Through the Christian Science Monitor newspaper I learned about the world and America. I became attracted to what America (the USA) represented. I wanted to see it and experience it. The West-German army generously allowed me to be excused from military service at this time in order that I would never be put into a position of having to fight against my own people in the East, if it came to a war.  I was free now, free to follow my dream, but felt it wise to do so quickly before the army changed its mind.

As things turned out, America didn't want me. Economic reasons were cited. I wasn't rich enough, or not 'connected' enough. Canada, however, had no such requirements. It opened its doors all the way to the farthest corner of its realm. I selected Vancouver for its mountains and its location by the sea. I got married, build a house, became a citizen of Canada, raised a family, worked for 27 years for IBM, and so forth, and finally retired after being at the workplace for fifty years.

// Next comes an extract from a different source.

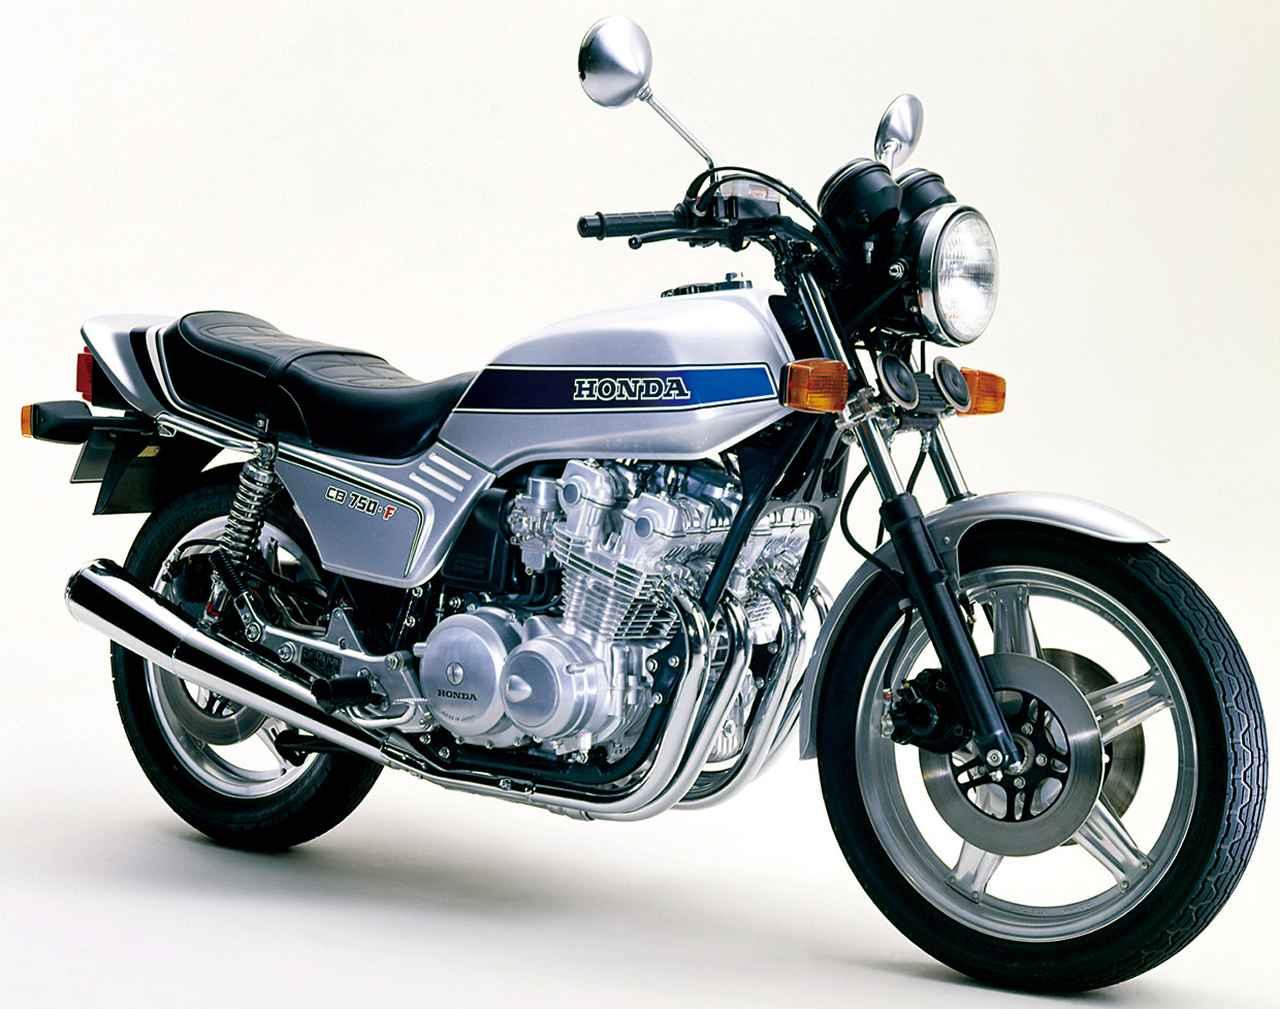 画像: CB750F 1979年 CB900Fから遅れること1年、当時の日本国内の上限排気量である750㏄版が登場。国内初のジュラルミン鍛造セパレートハンドルの採用など装備も豪華で、瞬く間に大ヒット、国内モデルのフラッグシップとなった。名作漫画「バリバリ伝説」の主人公、グンの愛車。

Little did I know when I entered Canada that I joined possibly the best country on earth. I learned to respect this country that had become my country now. I respected it especially for its devotion to peace, non-violence, justice, and social and cultural development. Yes, Canada has had its share of problems, and it still does, and its leadership has made its share of mistakes and probably will continue to make more of them, but it never forsook its devotion to its principles: peace, non-violence, justice, and social and cultural development. Canada stood proudly on this platform as a leader for the world, and still does.

Perhaps it was this environment of freedom and humanity that I respected the most, that caused me to become interested in several leading edge development that promised a potential for advancing the very principles that Canada represents, such as peace and freedom through cultural and scientific development.

My own development-oriented involvement began around the time when the Cold War was heating up. The earliest of these involvements began with a leading edge discovery in Christian Science that I was privileged to know about, that led to years of subsequent research work and further discoveries along the same line. The original discovery was made in the early 1980s in North Vancouver, where I lived. A number of revolutionary aspects relating to the development of Christian Science came to light that had the potential to totally change the way Christian Science was understood, to advance it to a higher level. (see Christian Science) Over the course of the subsequent 15 years the principles underlying the earlier discoveries were explored in depth. The result of this work and its application to the advance of civilization is now documented in the research book series, Discovering Infinity, which has been made available after many years research and writing, working deep into the night (see Discovering Infinity).

What matters to me is what we can learn from the great pioneers of humanity to enrich our world, to strengthen our nations, to secure peace, and foster the economic, spiritual, and cultural development of our societies in an environment of universal love. But science alone is too dry to relate to human living at the grassroots level at our home gate. Still, it needs to apply, in order that our civilization might be uplifted by it, especially at the current critical period where so much is at stake. For this reason I have written a series of 12 novels on the subject of the Principle of Universal Love. (see The Lodging for the Rose) All novels are made accessible for free online as they reflect the critical nature of the challenge we face to maintain our civilization in the face fascism, social isolation, violence, war, and economic disintegration. 

It is my hope that with all the work done, and yet to be done, a contribution might be made to bring back the light of our humanity to our world that has been gradually getting darker and become more precarious. Bringing light to the world is a challenge that we all own as human beings, and to enrich this world that is still, in spite of all the problems that we face, a marvel in the universe of Life.